Fujitsu has developed a new generative AI reconfiguration technology, a core technology for its AI service “Fujitsu Kozuchi,” that reduces the weighting and power consumption of large-scale language models (LLMs). This technology has successfully enhanced its LLM “Takane.” This technology consists of two core technologies: the world’s highest-precision quantization technology, which minimizes the weights assigned to the connections between neurons that form the basis of AI thinking; and the world’s first specialized AI distillation technology, which achieves both lightweighting and accuracy exceeding that of the original AI model. By applying this quantization technology to “Takane,” we achieved the world’s highest accuracy retention rate of 89% compared to before quantization, with 1-bit quantization (reducing memory consumption by up to 94%), and three times the speed before quantization. This significantly exceeds the accuracy retention rate of less than 20% of the conventional mainstream quantization method (GPTQ). This technology enables large generative AI models that previously required four high-end GPUs to be executed at high speed on a single low-end GPU.
The dramatic weight savings achieved by this technology enable AI agents to be run on edge devices such as smartphones and factory machines. This will improve real-time responsiveness, strengthen data security, and dramatically reduce power consumption during AI operation, contributing to a sustainable AI society. Fujitsu will begin gradually offering trial environments for “Takane,” which applies quantization technology, from the second half of fiscal year 2025. Furthermore
, starting today, we will progressively release models of Cohere’s research-oriented open weight “Command A,” quantized using this technology, via Hugging Face. Fujitsu will continue to dramatically improve the capabilities of generative AI while promoting research and development to ensure its reliability, thereby contributing to solving the more difficult challenges facing customers and society and pioneering new possibilities for the use of generative AI.

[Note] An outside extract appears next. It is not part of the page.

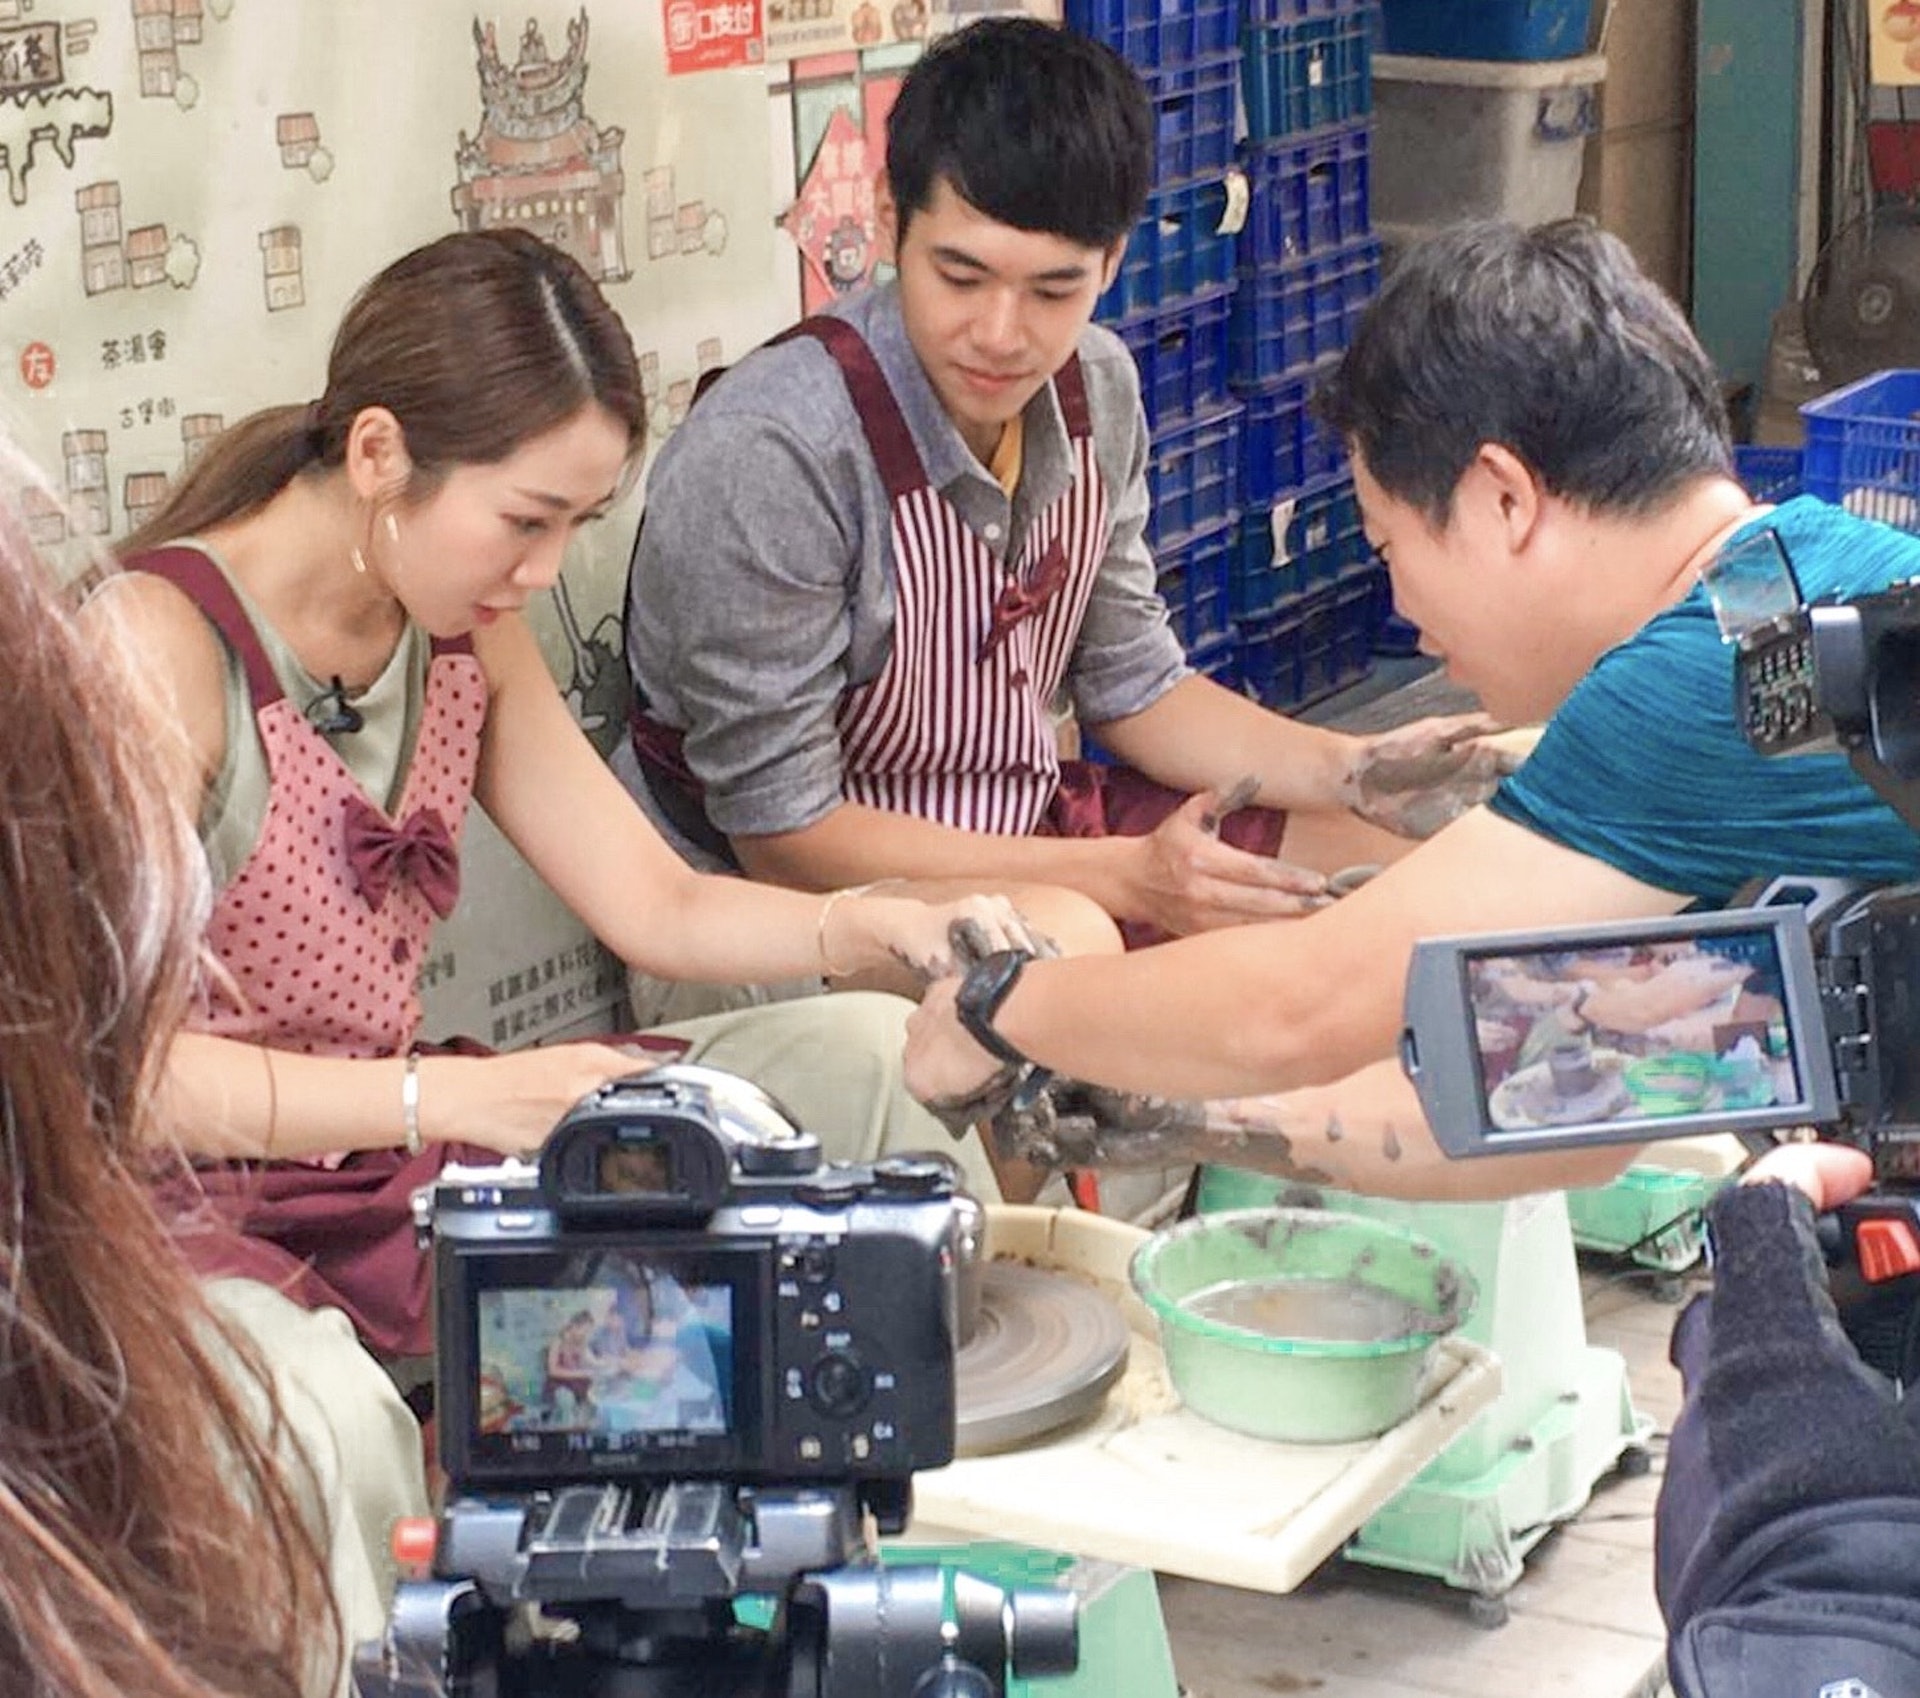 Jessica與拍檔蕭新亭學整陶瓷。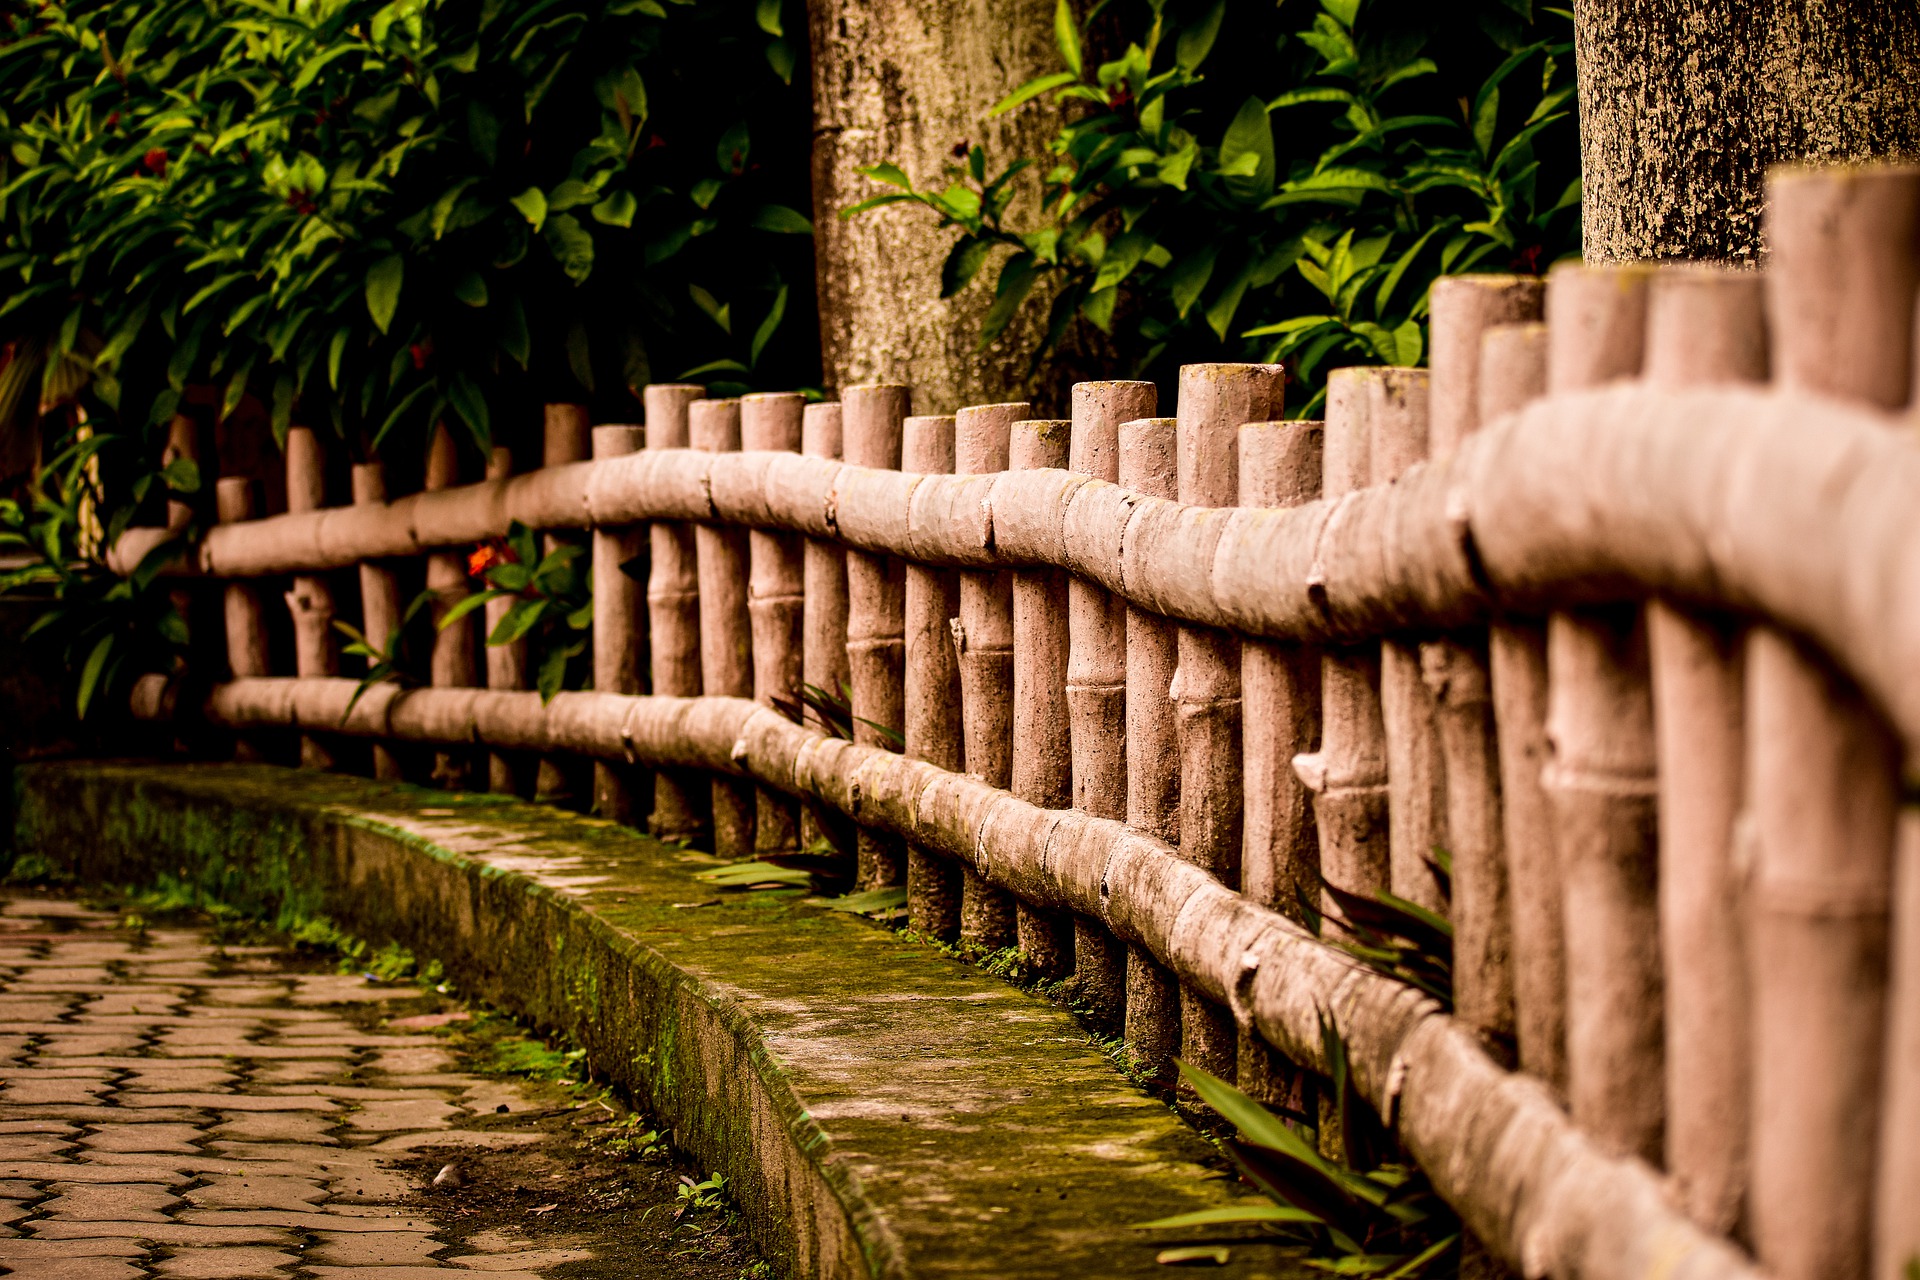 Caña Bambú Marrón

In recent years, generative AI has evolved into AI agents that perform tasks autonomously, and its industrial implementation has progressed rapidly. However, the underlying LLMs have become larger in scale, requiring a large number of high-performance GPUs, which has led to significant issues such as rising development and operation costs and the environmental burden caused by high power consumption. Furthermore, for companies to fully utilize generative AI in their operations, it is essential to improve the accuracy of models tailored to specific tasks, rather than simply using general-purpose models, and to make them lightweight enough for use on edge devices in factories and stores.
こちらもお読みください: NTT-AT Equips WinActor RPA with Built-In AI Functionality
Two core technologies that make up generative AI reconstruction technology
Many of the tasks performed by AI agents require only a small portion of the general-purpose capabilities of LLMs. In designing LLMs, the generative AI reconfiguration technology developed here is inspired by the human brain’s ability to reconfigure its neural circuits to specialize in specific skills, reorganizing them in response to learning, experience, and changes in the environment. It efficiently extracts only the knowledge necessary for a specific task from a huge model with general knowledge, creating a lightweight, highly efficient, and highly reliable AI model, similar to the brain of an expert. This is made possible by the following two core technologies of this technology.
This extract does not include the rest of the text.